Tuesday, September 29, 2015

Practical Scala, Haskell and Category Theory

Functional programming has moved from academia to industry in the last few years. It is theoretical with a steep learning curve. I have worked with strongly typed functional programming for 4 years. I took the normal progression, first Scala then Haskell and ended with category theory.

What practical results does functional programming give me?

I typically do data mining, NLP and back end programming. How does functional programming help me with NLP, AI and math?

    Scala

    Scala is a complex language that can take quite some time to learn. For a couple of years I was unsure if it really improved my productivity compared to Java or Python.
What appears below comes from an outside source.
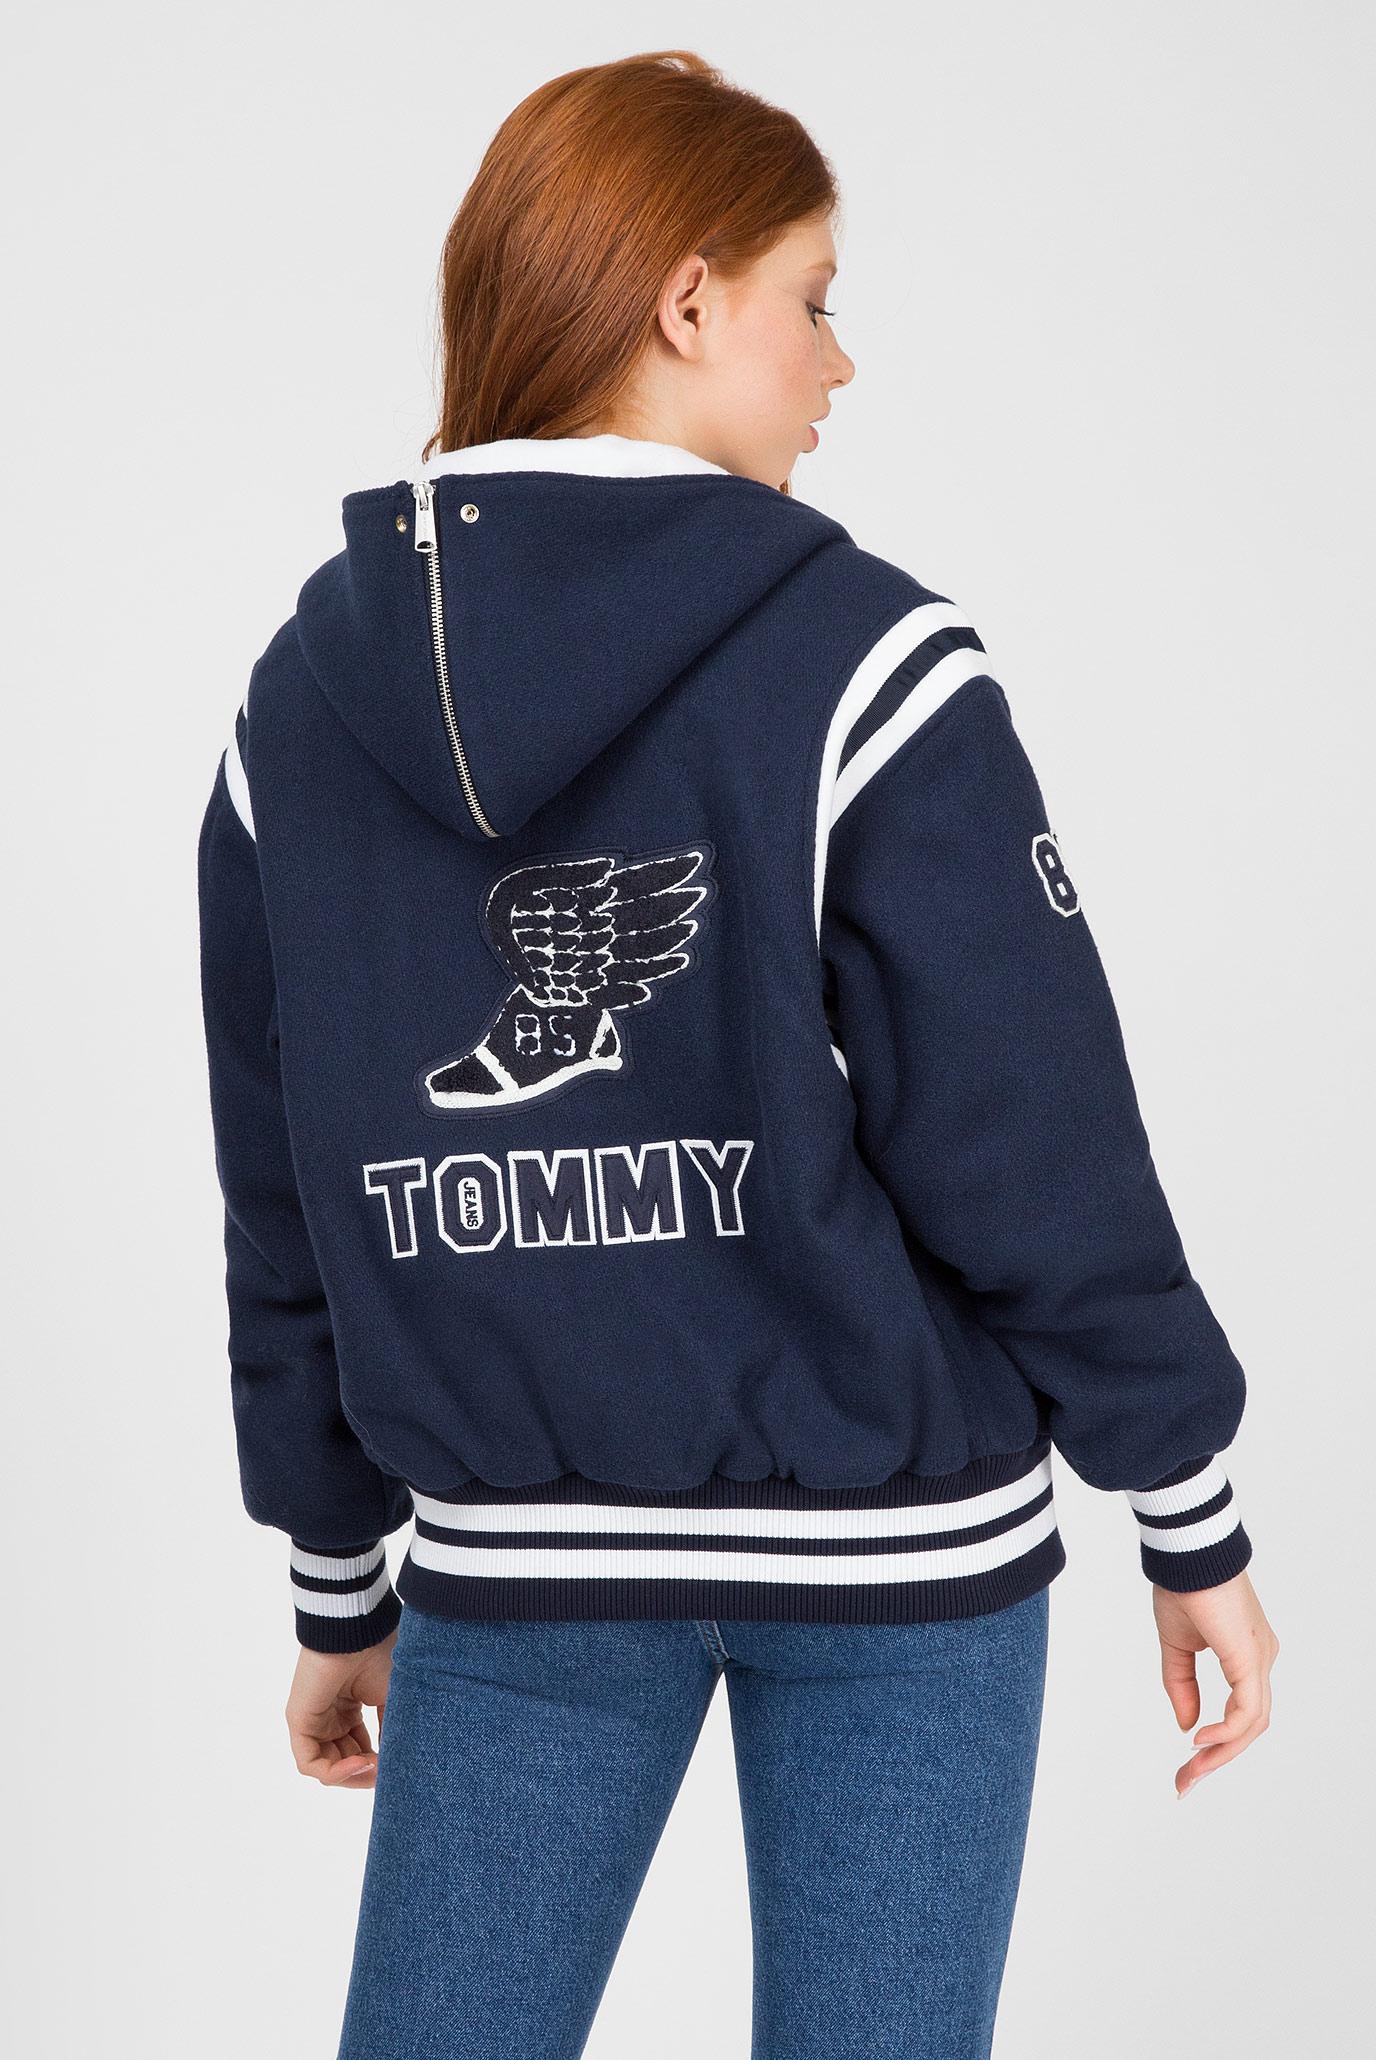 Купить Женский синий бомбер Tommy Hilfiger Tommy Hilfiger DW0DW05177 – Киев, Украина. Цены в интернет магазине MD Fashion

    After 2 years my productivity in Scala went up. I find that Scala is an excellent choice for creating data mining pipelines because it is:
    • Fast
    • Stable
    • Has lot of quality libraries
    • Has a very advanced type system
    • Good DSL for Hadoop (Scalding)

    Natural Language Processing in Scala

    Before Scala I did NLP in Python. I used NLTK the Natural Language Toolkit for 3 years.

    NLTK vs. ScalaNLP


    NLTK

    • Easy to learn and very flexible
    • Gives you a lot of functionality out of the box
    • Very adaptable, handles a lot of different structured file formats

    What I did not like about NLTK was:
    • It had a very inefficient representation of a text features as a Dictionary
    • The file format readers were not producing exactly matching structures and this did not get caught by the type system
    • You have to jump between Python, NumPy and C or Fortran for low level work

    ScalaNLP

    ScalaNLP merged different Scala numeric and NLP libraries. It is a very active parent project of Breeze and Eric.

    ScalaNLP Breeze

    Breeze is a full featured, fast numeric library that uses the type system to great effect.
    • Linear algebra
    • Probability Distribution
    • Regression algorithms
    • You can drop down to the bottom level without having to program in C or Fortran

    ScalaNLP Eric

    Eric is the natural language processing part of ScalaNLP. It has become a competitive NLP library with many algorithms for several human languages:
    • Reader for text corpora
    • Tokenizer
    • Sentence splitter
    • Part-of-speech tagger
    • Named entity recognition
    • Statistical parser


    Video lecture by David Hall the Eric lead

    Machine Learning in Scala

    The most active open source Scala machine learning library is MLib which is part of the Spark project.
    Spark now has data frames like R and Pandas.
    It is easy to set up machine learning pipelines, do cross validation and optimization of hyper parameters.

    I did text classification and set it up in Spark MLib in only 100 lines of code. The result had satisfactory accuracy.

    AI Search Problem in Scala vs. in Lisp

    I loved Lisp when I learned it at the university. You could do all these cool Artificial Intelligence tree search problems. For many years I suffered from Lisp envy.

    Tree search works a little differently in Scala, let me illustrate by 2 examples.

    Example 1: Simple Tree Search for Bird Flu

    You have an input HTML page and parsed into a DOM tree. Look for the word bird and flu in a paragraph that is not part of the advertisement section.
    I can visualize what a search tree for this would look like.

    Example2: Realistic Bird Flu Medication Search

    The problems I deal with at work are often more complex:
    Given a list of medical websites, search for HTML pages with bird flu and doctor recommendations for medications to take. Then do a secondary web search to see if the doctors are credible.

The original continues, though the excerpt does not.